- [RECORDED DATA]:
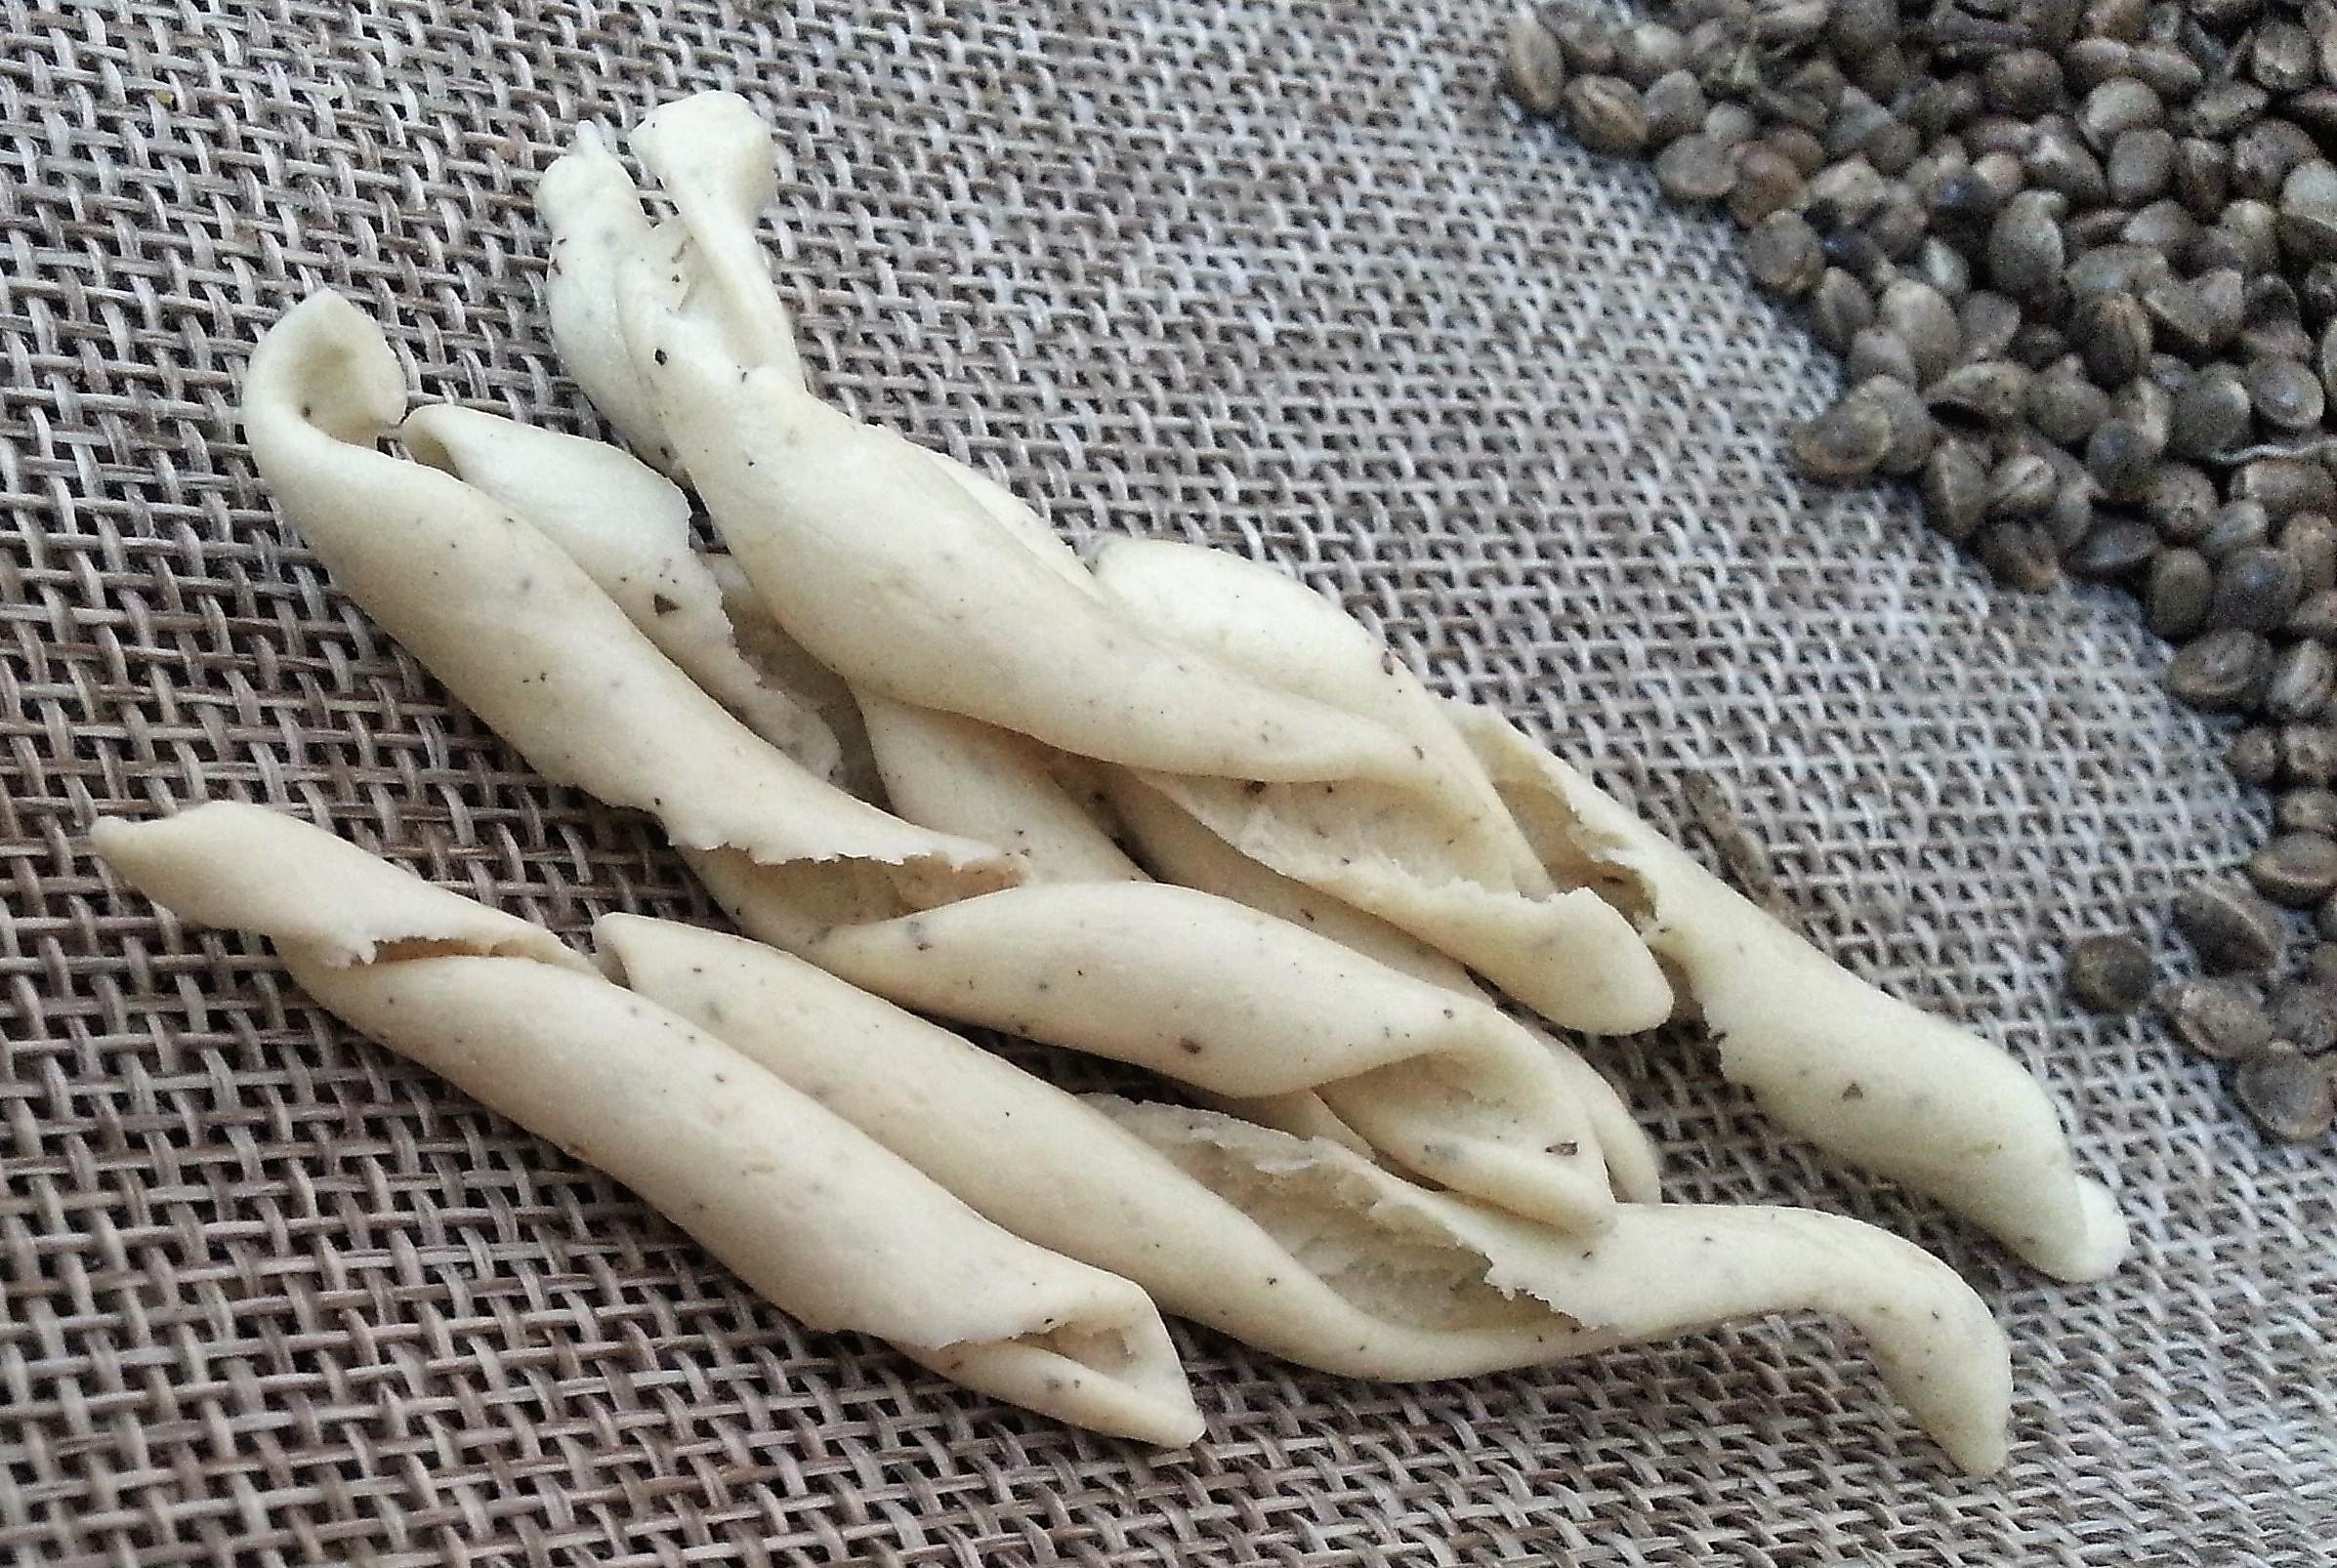 Strozzapreti artigianali con farina di semi interi di Canapa e grano duro italiano
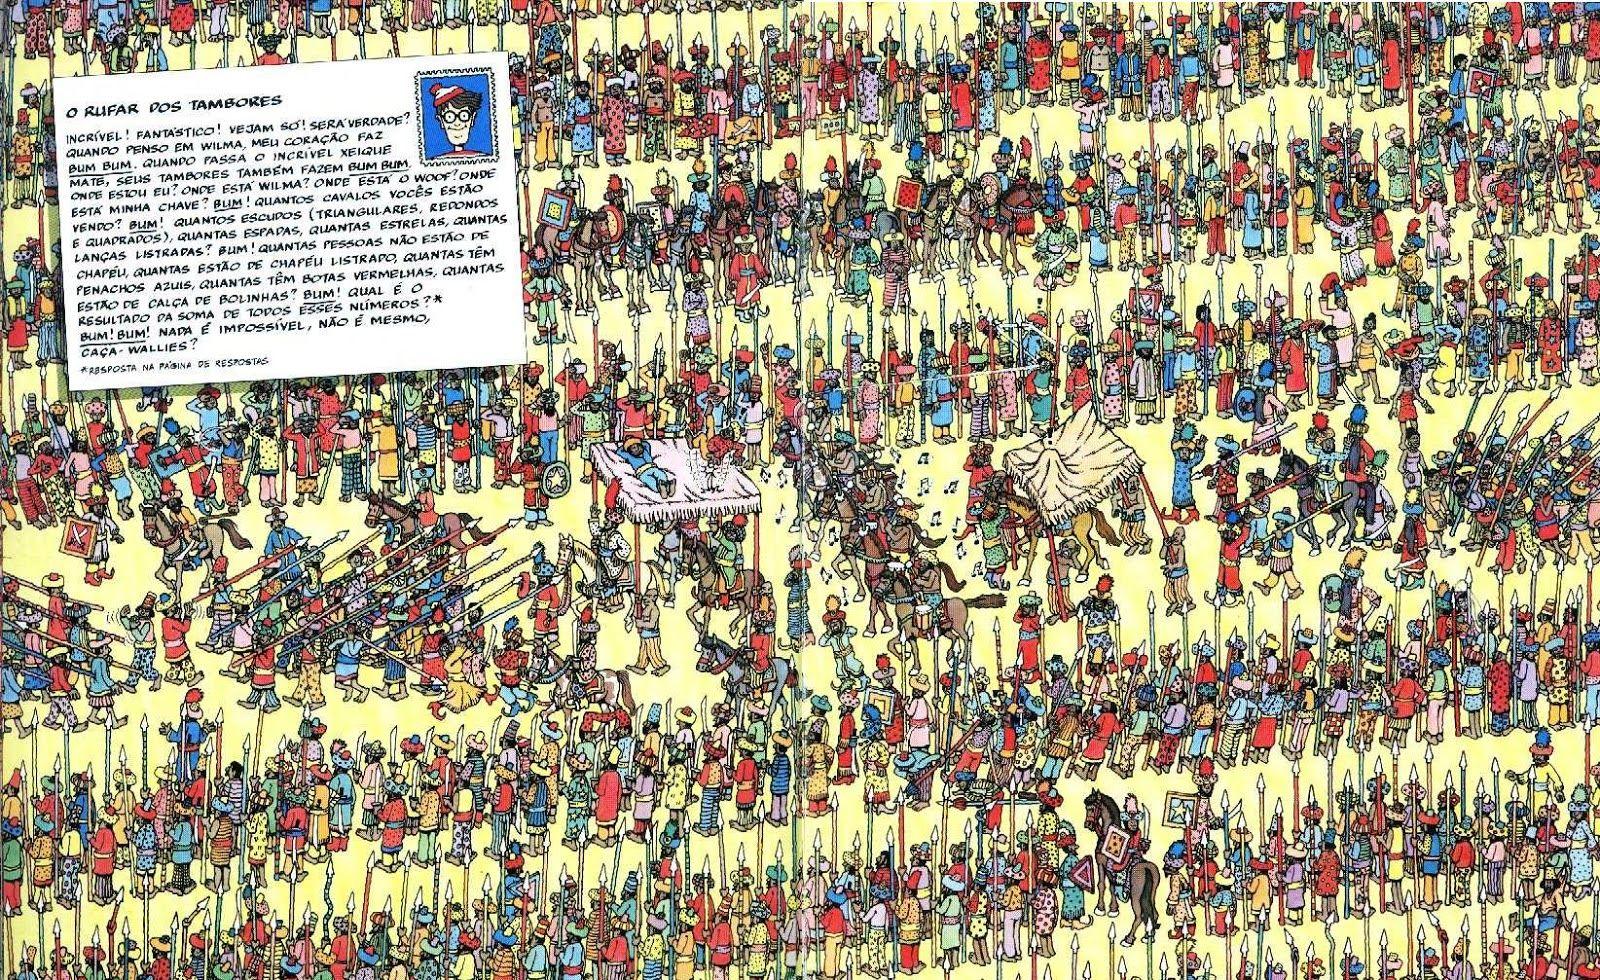 Waldo 10
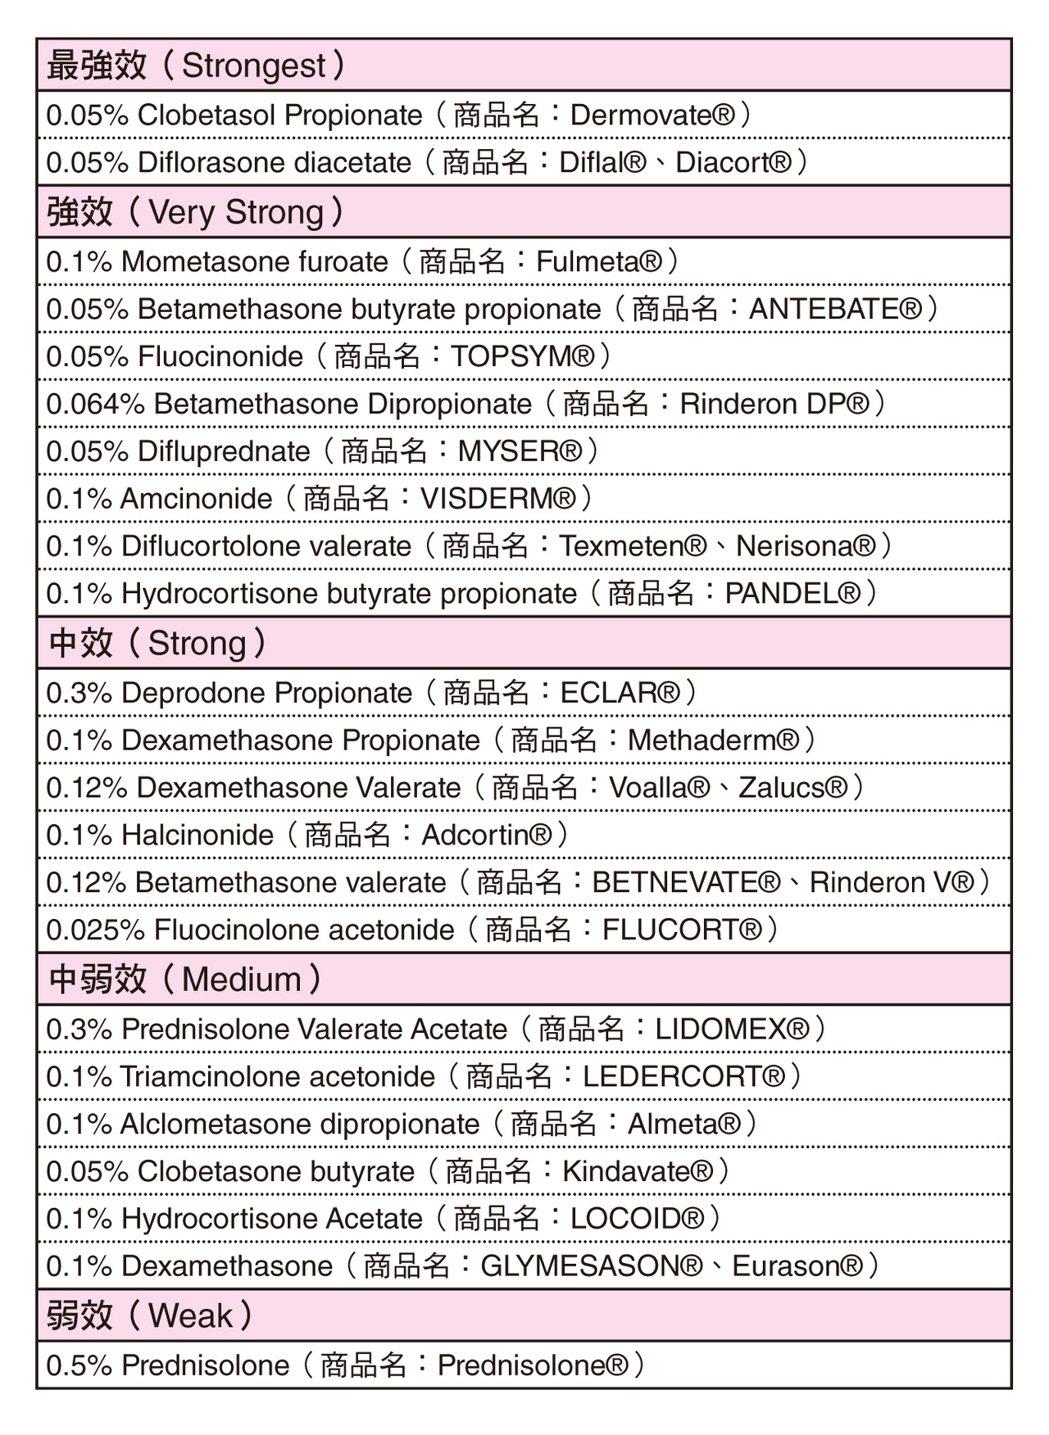 外用類固醇強度分級表(日本) 表/摘自《自己的皮膚自己救!》

- [TRY IT]:
Print the data again word for word, pictures excluded.

- [RESPONSE AREA]:
 Strozzapreti artigianali con farina di semi interi di Canapa e grano duro italiano
 Waldo 10
 外用類固醇強度分級表(日本) 表/摘自《自己的皮膚自己救!》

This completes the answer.